_SOURCE MATERIAL_
────────

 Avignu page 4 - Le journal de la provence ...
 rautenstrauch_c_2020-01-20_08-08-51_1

────────

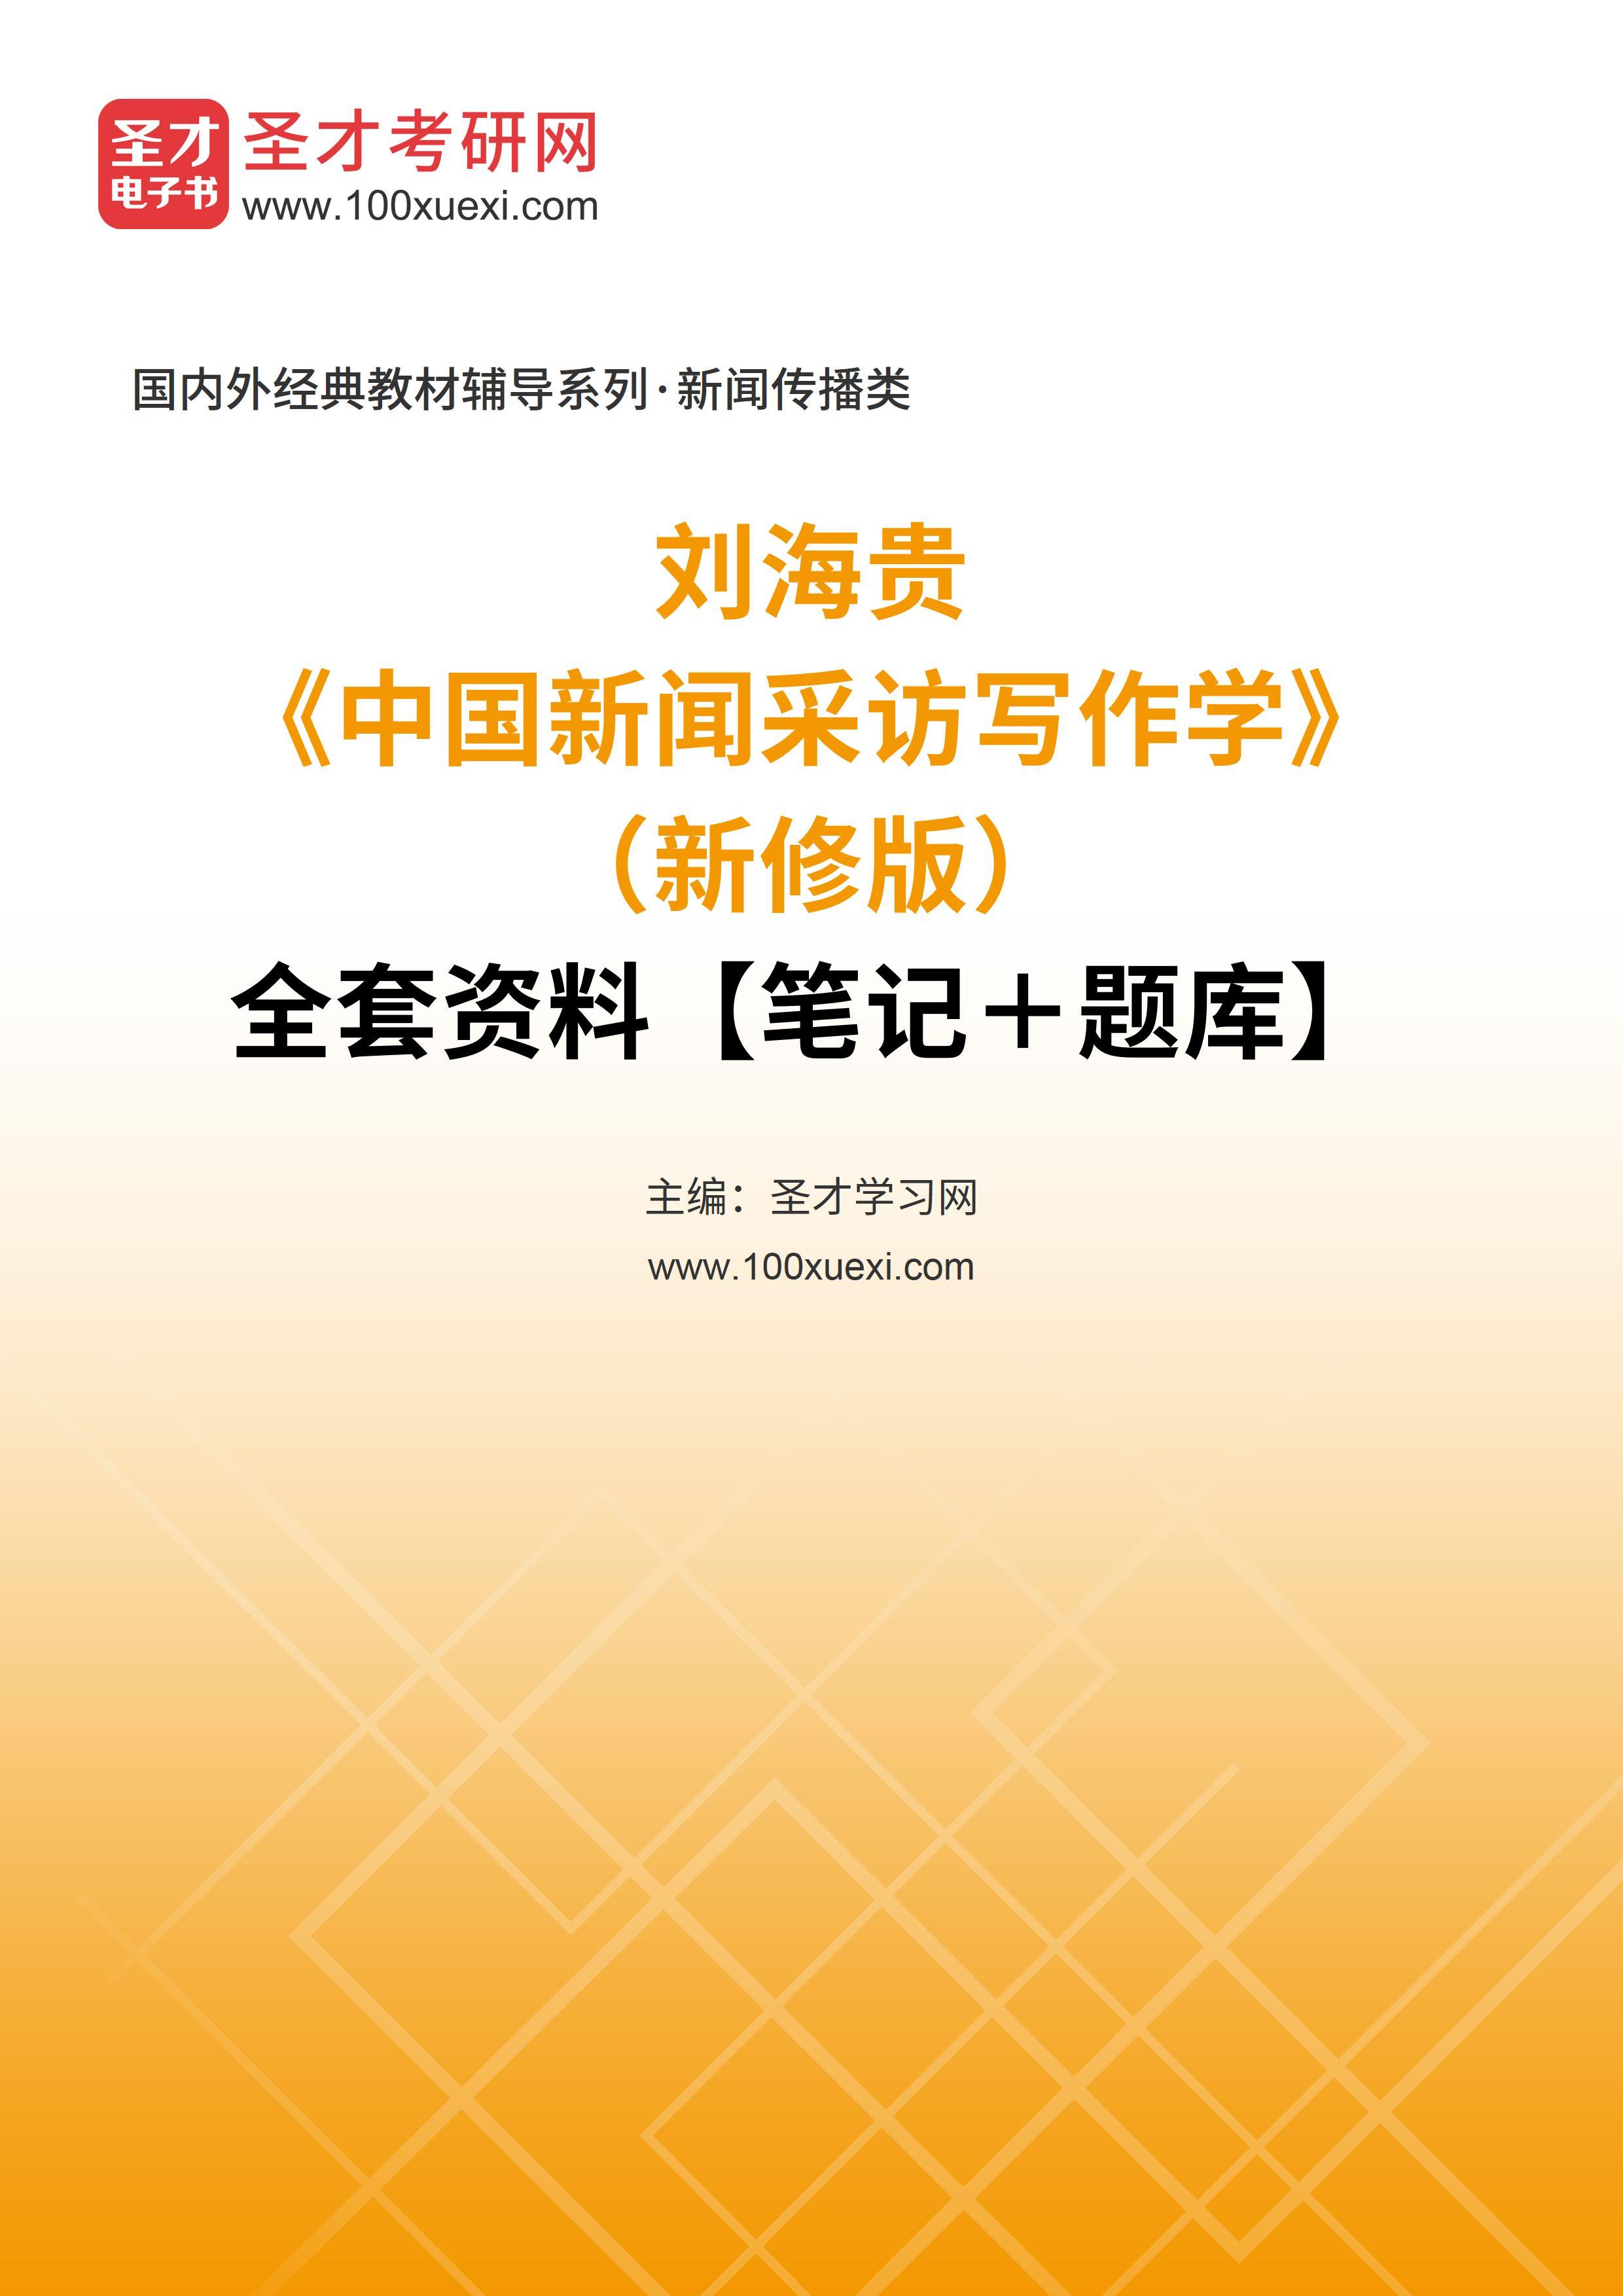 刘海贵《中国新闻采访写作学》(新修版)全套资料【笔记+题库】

────────

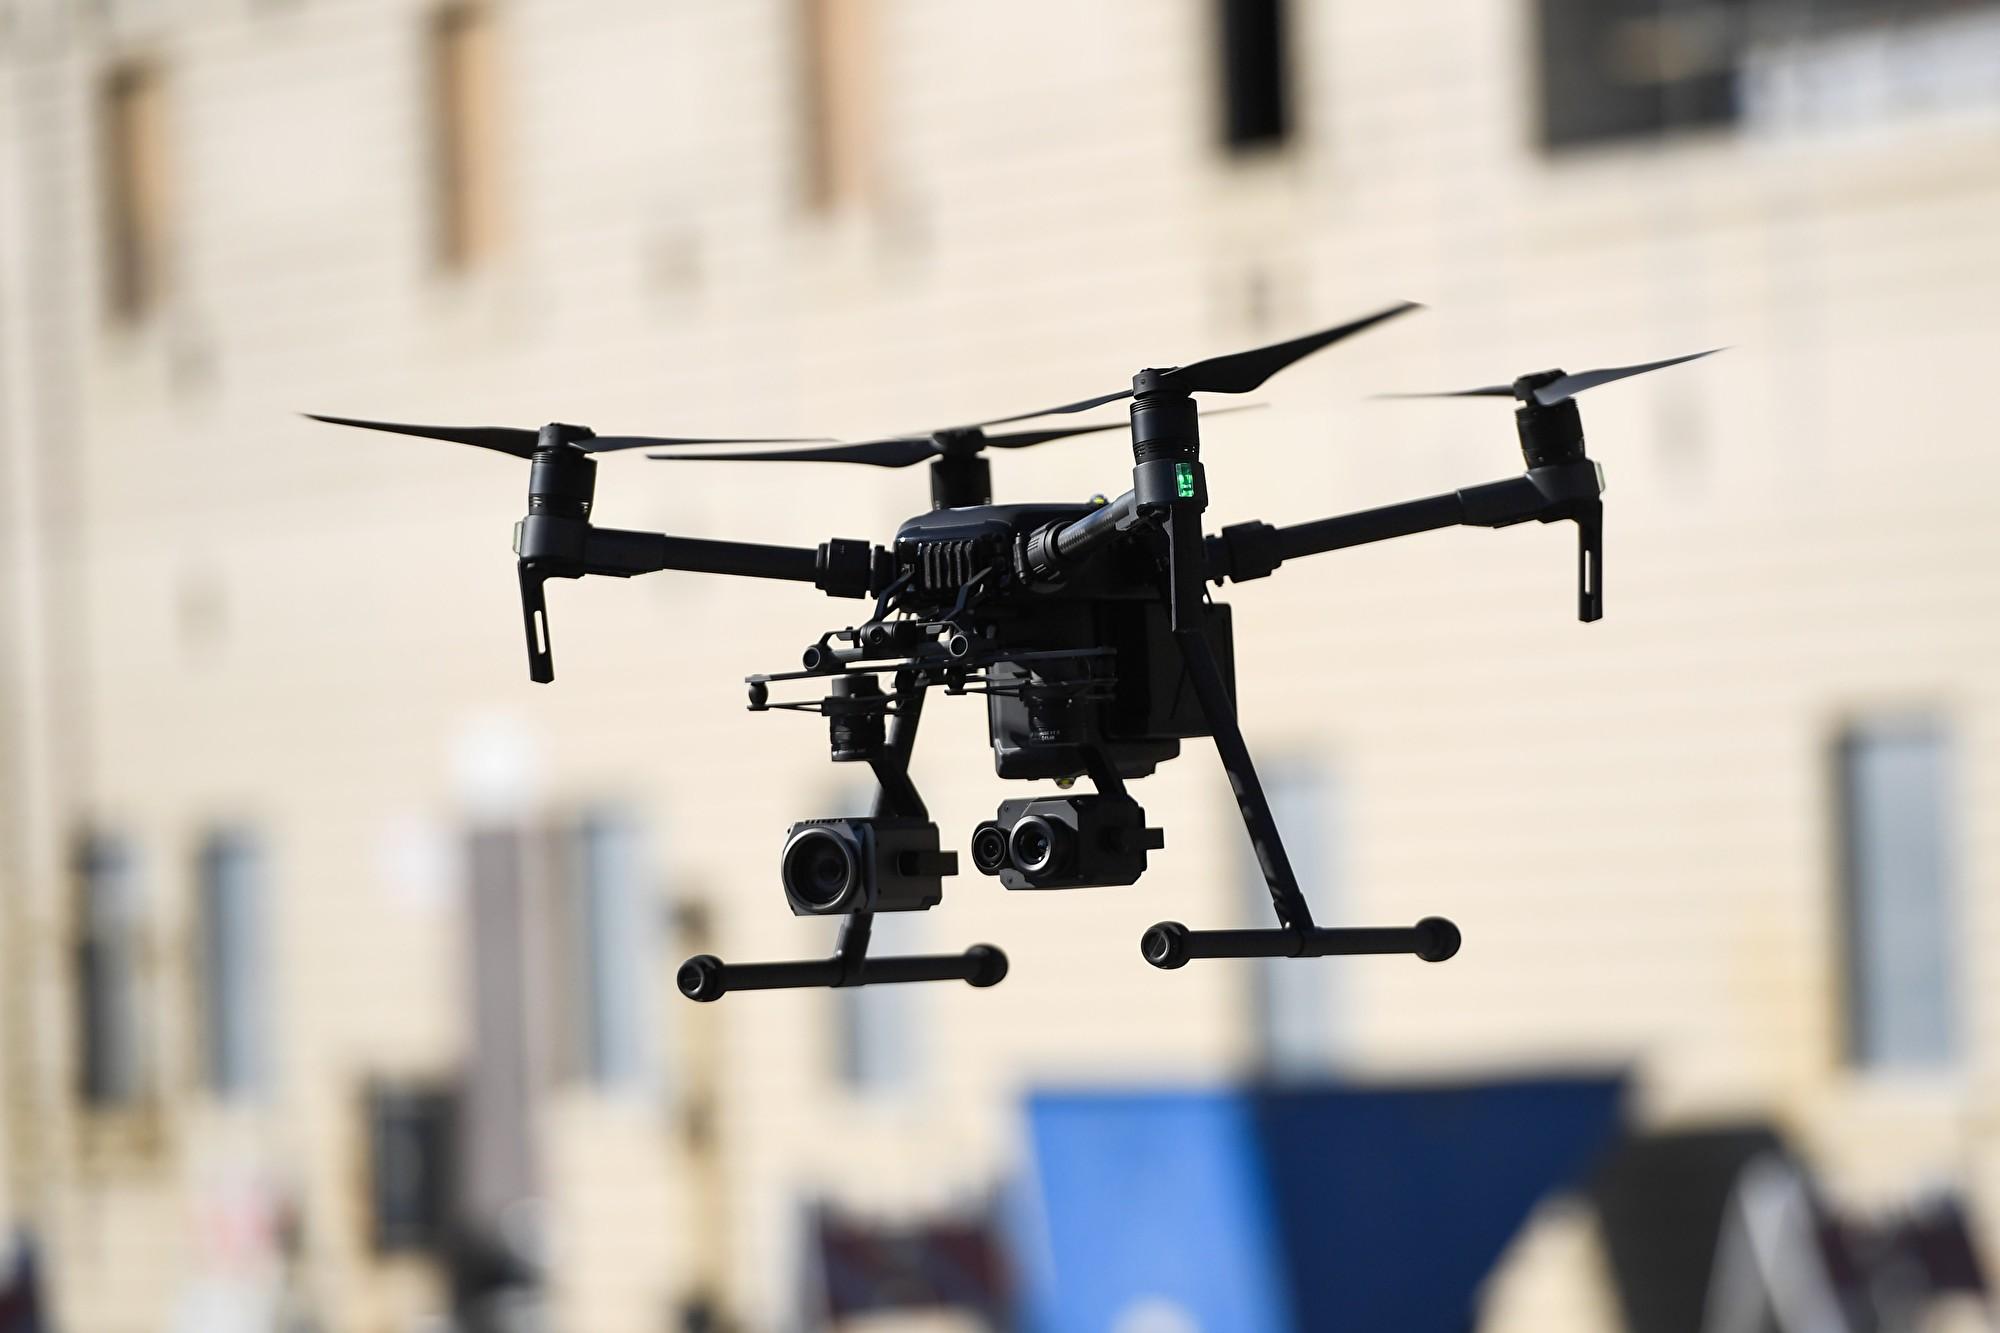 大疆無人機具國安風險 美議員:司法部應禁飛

────────

Would you please write out, exactly and with no other lines, the stretch of the listing above from the line containing "Avignu page 4" through the line containing "rautenstrauch_c_2020-01-20_08-08-51_1"?

 Avignu page 4 - Le journal de la provence ...
 rautenstrauch_c_2020-01-20_08-08-51_1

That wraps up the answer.